SlideGuitar writes "The following is a fascinating article about how the Navy in the 1950s, wanting to assure that it had a carrier based nuclear force, used A1 Skyraider (single engine propellor driven aircraft) to lob nuclear bombs using a manuever called the "goofy loop" (read the article.) The goofy loop put about seven miles between them and a Mark 7 nuclear device at detonation. The pilots knew that (1) they couldn't get far enough away to survive, and (2) if they did survive there probably wouldn't be a carrier to go back to anyway. There are lots of emails from pilots who did the manuever and what they thought about the whole business."

3 of 365 comments (clear)

  1. Re:Physics by Moofie · · Score: 5, Informative

    Well, the guys who actually did it said that their bombs normally fell within 300ft of their targets.

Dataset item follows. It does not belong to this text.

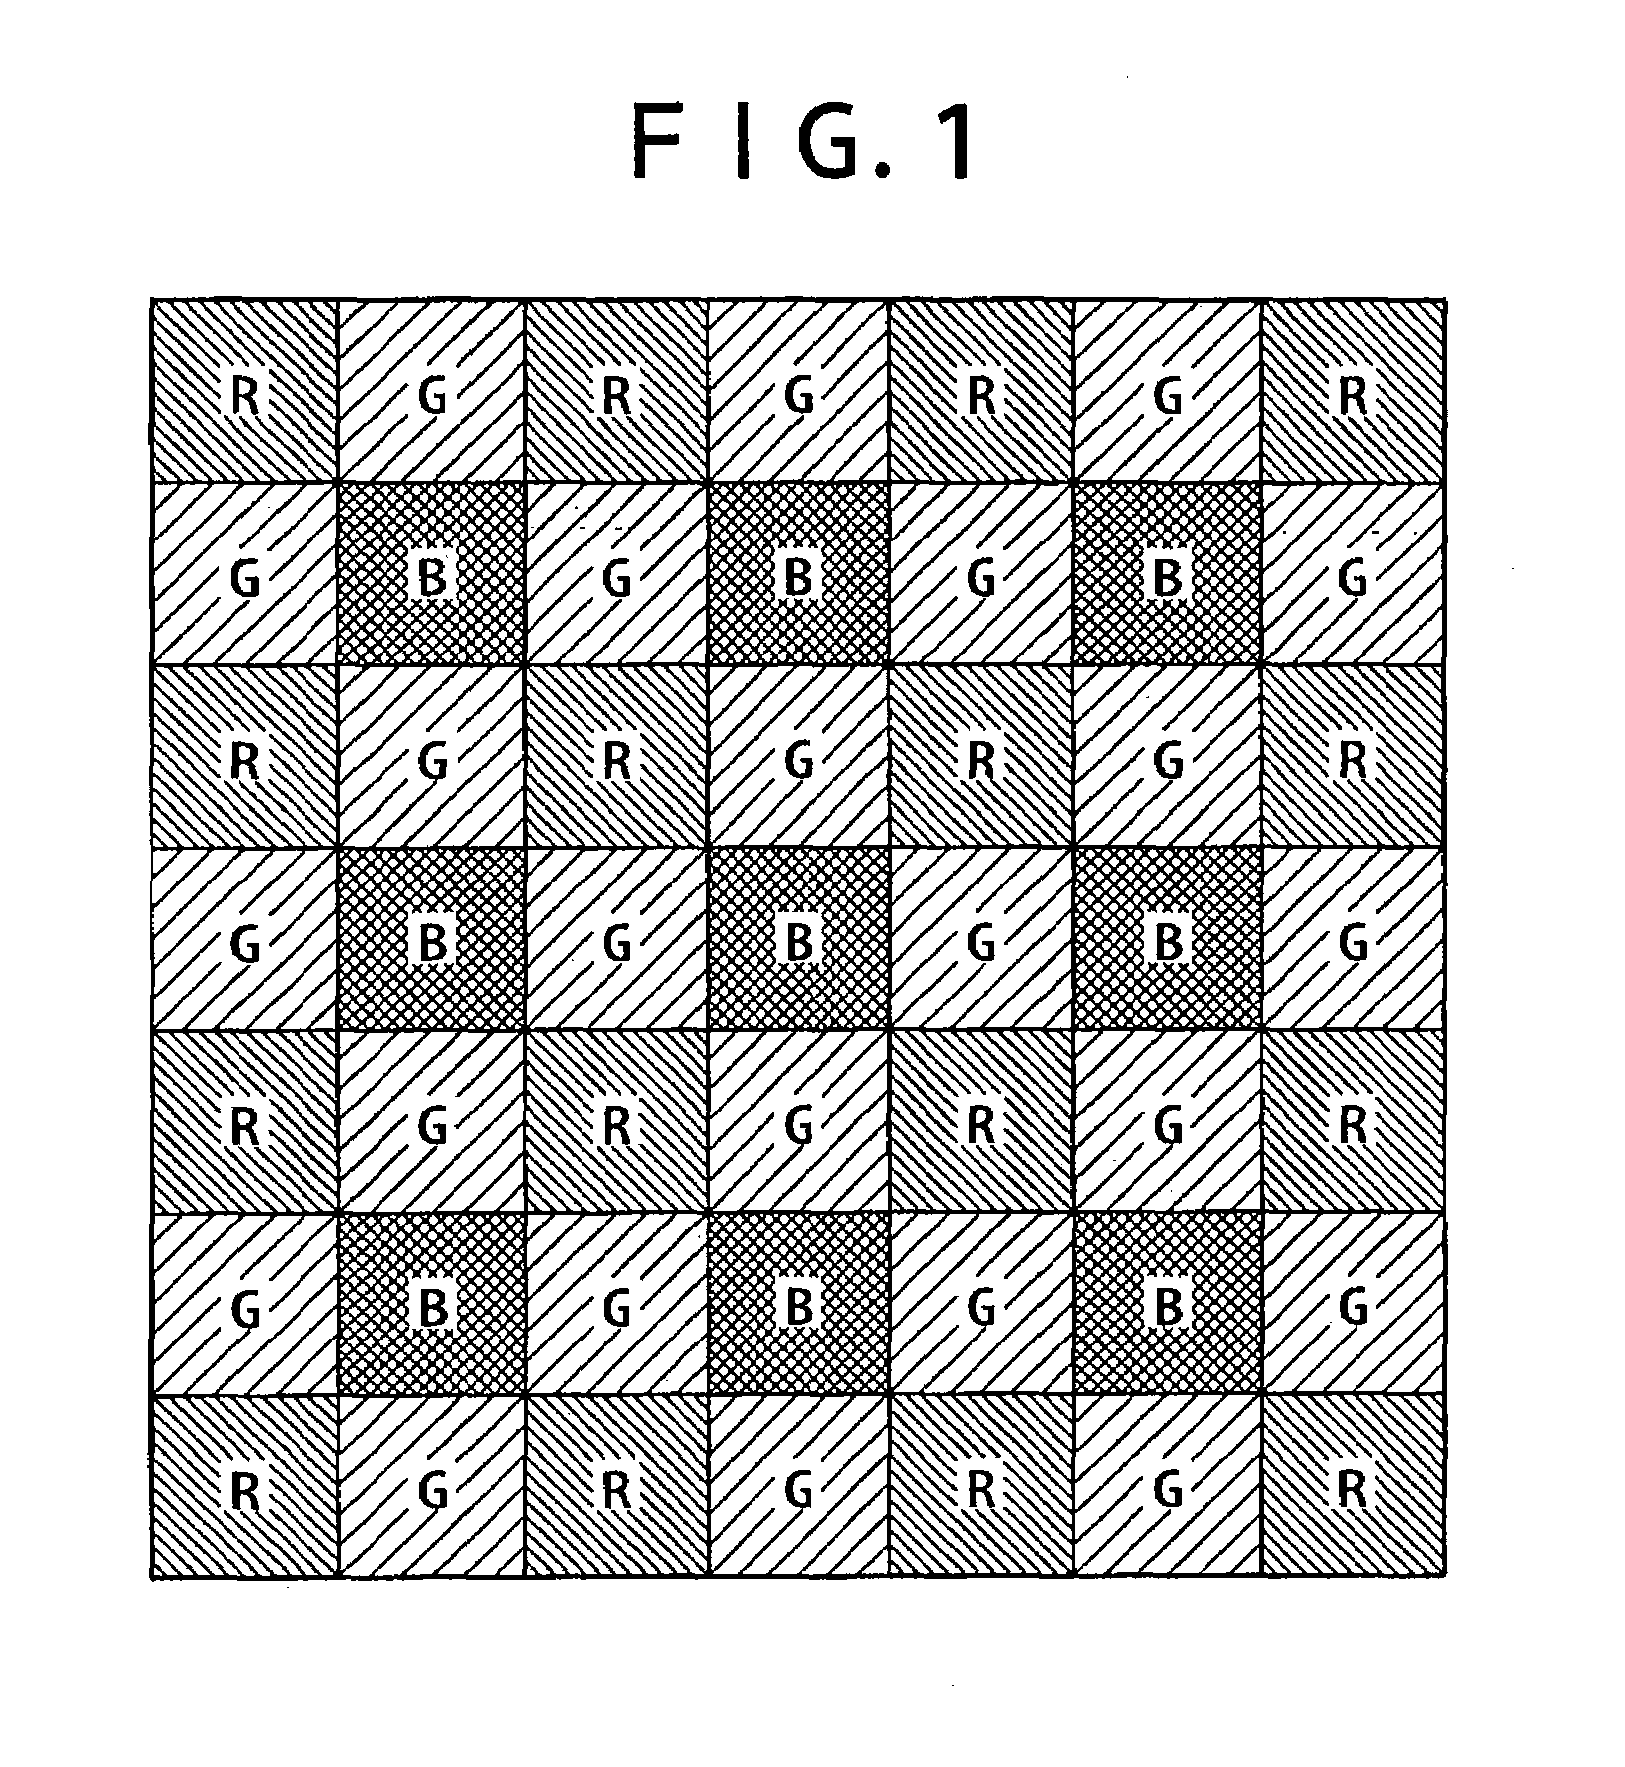 Image processing apparatus and image processing method, and program

    Airspeed indicators can be pretty accurate.

    --
    Why yes, I AM a rocket scientist!
  2. Re:Physics by PD · · Score: 5, Informative

    You've got the cart before the horse. This maneuver was never considered for the small nukes, because they didn't exist. And why were the nukes so big way back then? Two reasons. It was harder to make small nukes. The backpack nuke was really hard to make compared to a multi-megaton monster. The other reason is that with inaccurate delivery systems you need big nukes to destroy a target if you miss it by 3 or 4 miles.

    As the accuracy of missile systems crept up, the size of the nuke required went down. Now, we can drop a conventional bomb or 4 right through a specific window, so there's hardly any targets that cannot be destroyed by a conventional bomb.

    Nukes are basically obsolete as battlefield weapons.

  3. Re:Other Smart Ideas... by WegianWarrior · · Score: 5, Informative

    That sounds like an awefully small yeild. I recall reading somewhere that it was the lowest possible yield they could acchive, but I've not been able to find that page again. I did however find this (curtesy of this page);

    Back in the 1960s, American designers put together probably the coolest - yet also most suicidal - battlefield weapon ever built. It was a nuclear bazooka, capable of being operated by a pair of soldiers, and intended to be unleashed against Soviet battalions as they headed for Worthing-on-Sea.

    The bazooka was given the patriotic codename 'Davy Crockett', presumably to encourage its operators to risk using it. Basically a scaled-up rifle grenade launcher which could either be hand-carried or mounted on a jeep, the initial Davy Crockett model had a maximum range of only two kilometres, later doubled to four. The minimum range was a suicidal 400 metres.

    The tripod-mounted launcher fired a W-54 plutonium implosion bomb, the smallest nuclear weapon ever fielded by US forces. The egg-shaped atomic bomb weighed a portable 25 kilograms and had a selectable yield of either 10 or 20 tonnes. In blast terms that makes it only four times as powerful as the 1995 Oklahoma bombing device, but its wider radiation effects would inflict considerable fatalities. The Davy Crockett warhead had a timer fuse to be primed by its operators, who would have had to work out the time taken to reach its target.

    One early firing of the Davy Crockett at the Nevada Test Site was witnessed by US Attorney General Robert Kennedy. From 1961 onwards 400 bazooka warheads were manufactured and deployed. However non-nuclear test firings of the Davy Crockett revealed the design had a targeting flaw and it was retired in 1971.

    The W-54 bomb had another application, as an Atomic Demolition Munition (ADM). Planted in hidden chambers beneath Germany - to destroy or block access to Warsaw Pact forces - it could be carried on handles by an individual or a team using mounted poles. ADMs were only finally retired from service in 1989.

    --
    Everything in the world is controlled by a small, evil group to which, unfortunately, no one you know belongs.